Condom availability on campus: Is it sufficient?

ASU says they promote safe sex, but many students disagree

ASU advertises and promotes safe sex on campus, but how easy is it for students to get protection?

According to the school’s website, ASU offers free condoms at its health services offices, but the hours are limited - not open on Sundays and never open after 6 p.m. On Saturdays, only one campus location is open for six hours.

  • Tempe Campus 
    • Health Services Building: Monday through Friday, 8 a.m. to 6 p.m.; Saturday, 10 a.m. to 4 p.m.
    • ASU Health Services South: Monday and Friday, 8 a.m. to 12 p.m. and 1 p.m. to 5 p.m.; Tuesday and Thursday, 9 a.m. to 12 p.m. and 1 p.m. to 6 p.m.
    • ASU Health Services at the Sun Devil Fitness Complex: Monday and Tuesday, 8:30 a.m. to 12 p.m. and 1 p.m. to 5:30 p.m.; Thursday, 1 p.m. to 5:30 p.m.
  • Downtown Phoenix Campus
    • Nursing and Health Innovation Building: Monday through Friday, 8 a.m. to 5 p.m.
  • Polytechnic Campus
    • Adjoined to the SDFC: Monday through Friday, 8 a.m. to 12 p.m. and 1 p.m. to 5 p.m.
  • West Campus
    • University Center Building, Room 190: Monday through Friday, 8 a.m. to 12:15 p.m. and 12:45 p.m. to 4:30 p.m.

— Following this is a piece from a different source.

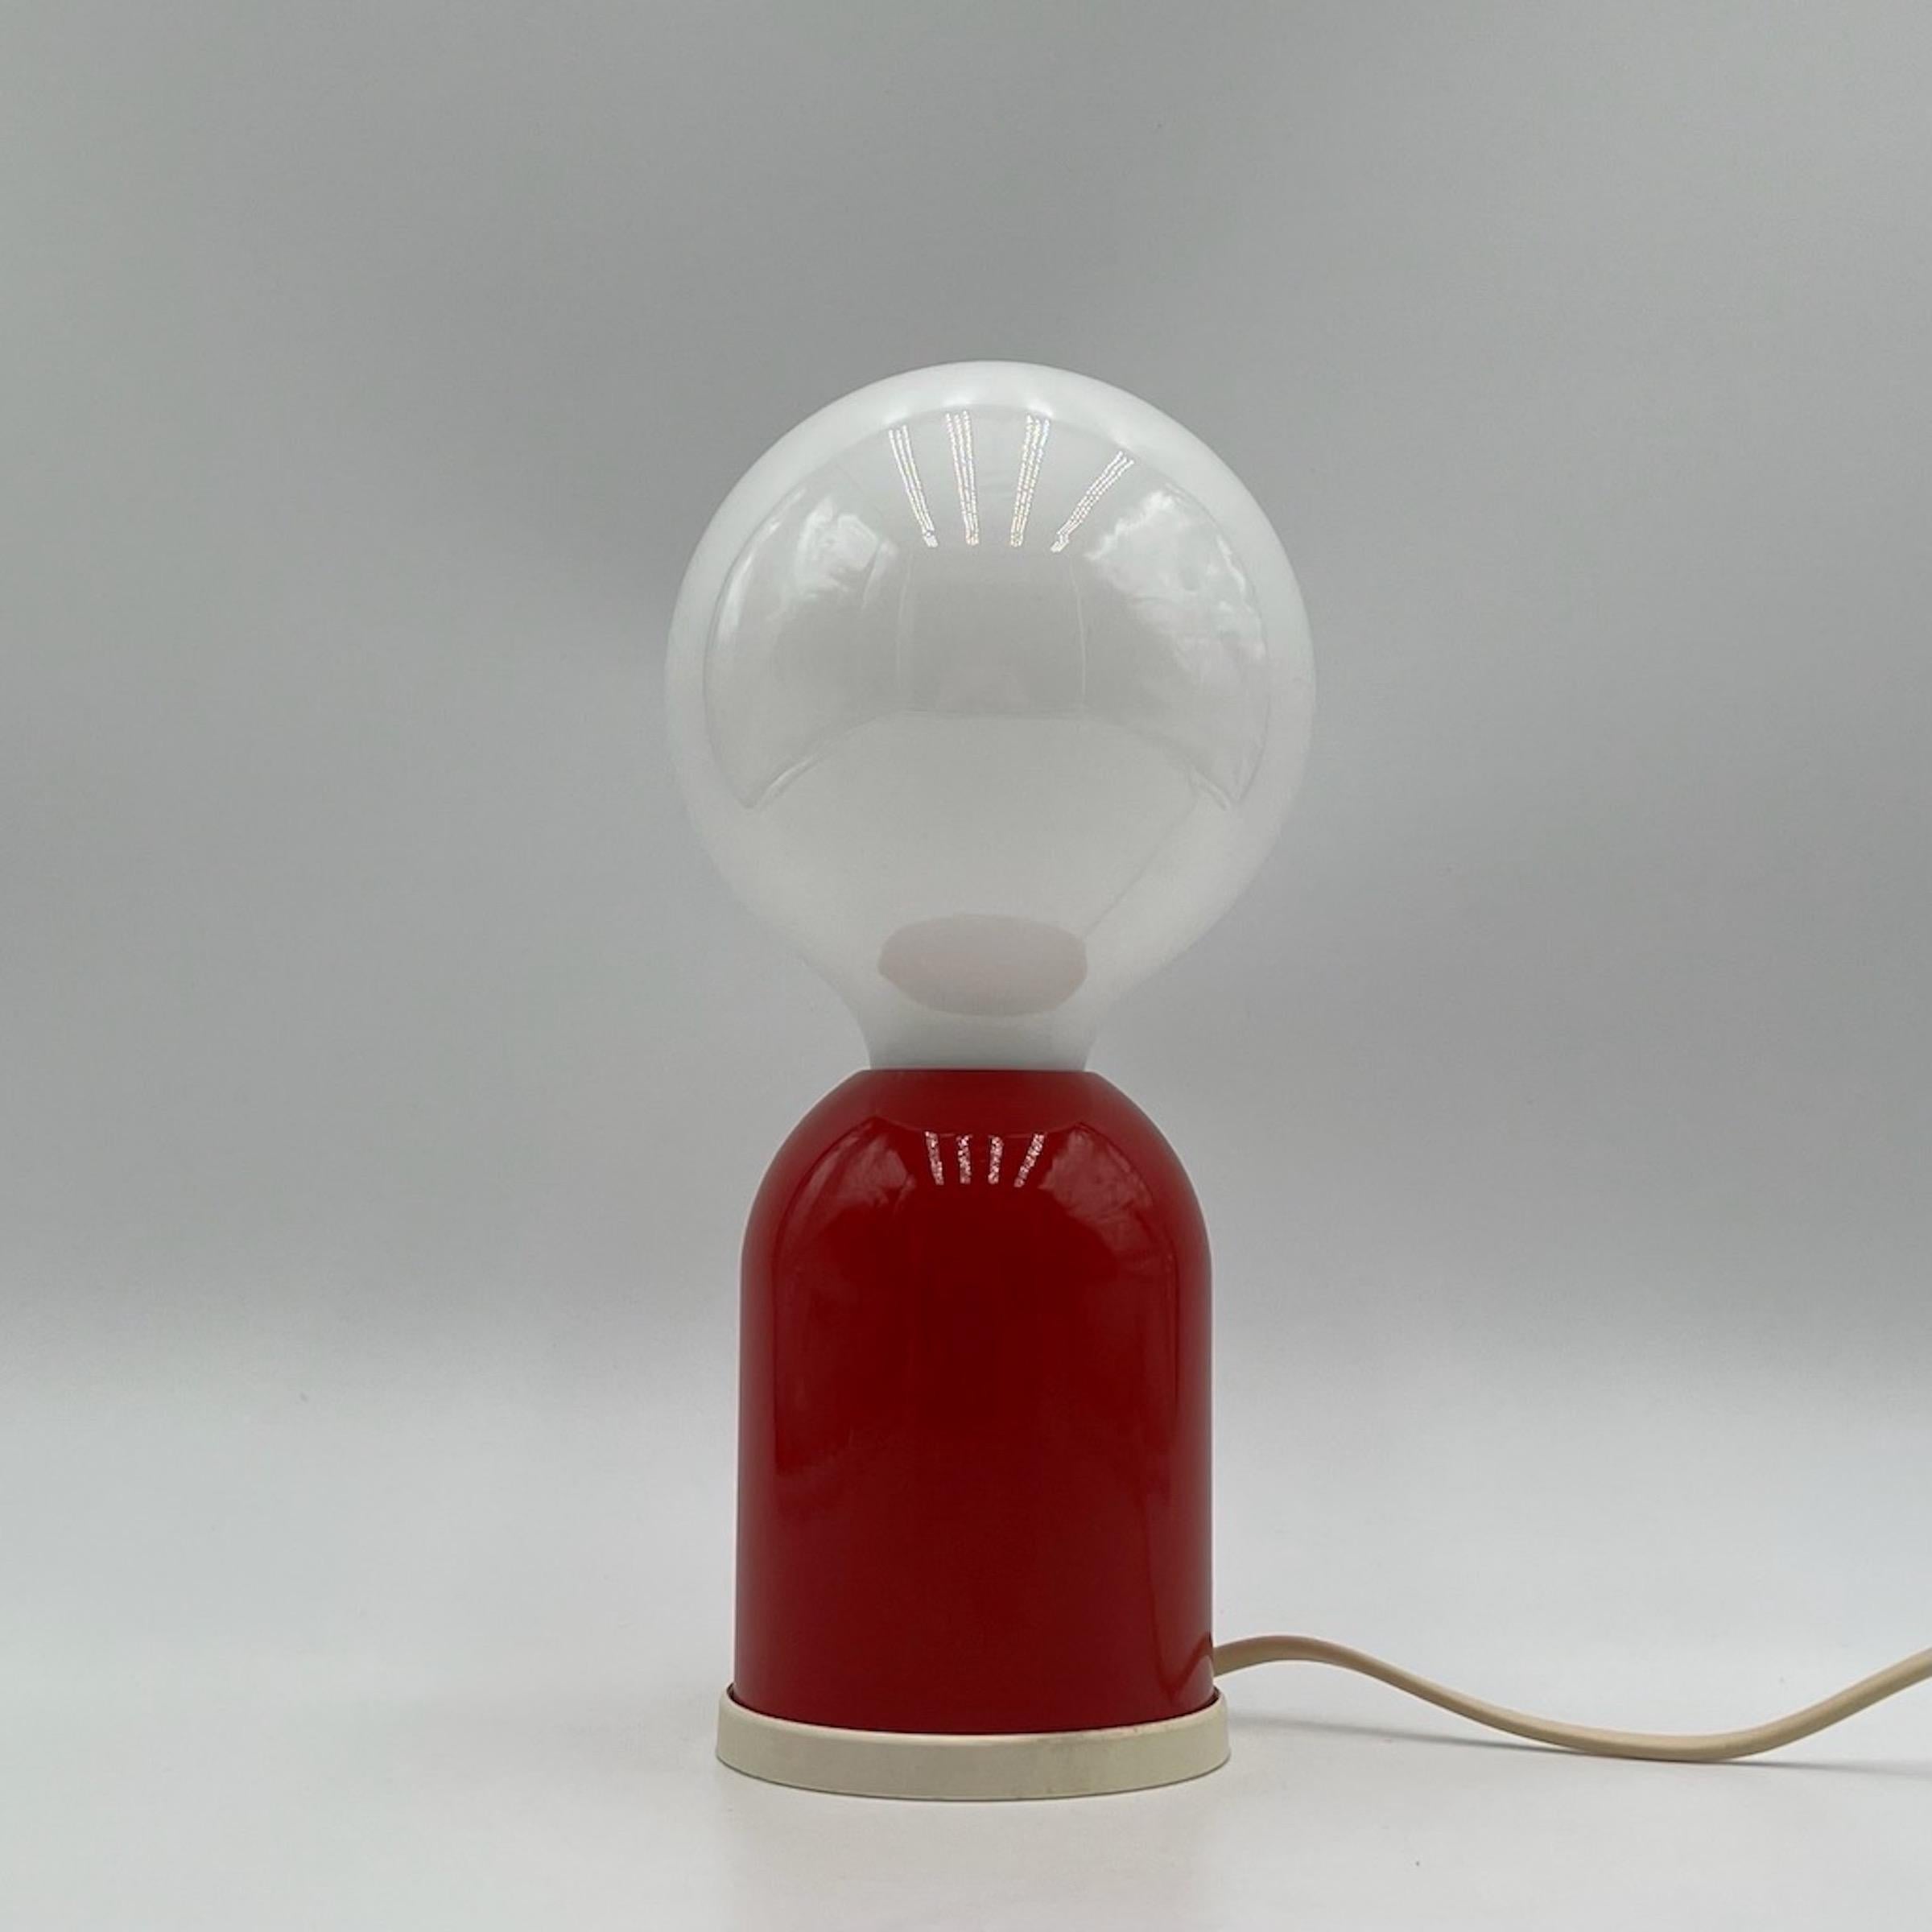 Late 20th Century Minimalistic Table Lamp in Lacquered Red Metal by Targetti Sankey, 1980s For Sale

Bobby Fry, a medical assistant at the Downtown campus' Health Services office, said condoms are easily accessible to students in the office. They are located in a basket in the lobby to avoid the awkwardness of asking someone for a condom.

"Students come to get condoms fairly often," he said. "Mostly every day we see students coming in to take them."

According to Sexual Health, the Taylor Place dorms in downtown had condom dispensers until 2011. They said University funding was cut for the machines, but that student organizations had the option to use their individual budgets to keep the dispensers.

They didn't keep the dispensers.

Many current students are not happy about the lack of availability.

Alyssa Tong, a biology sophomore, said condom availability was not advertised around the Barrett community in Tempe, where she lived her freshman year.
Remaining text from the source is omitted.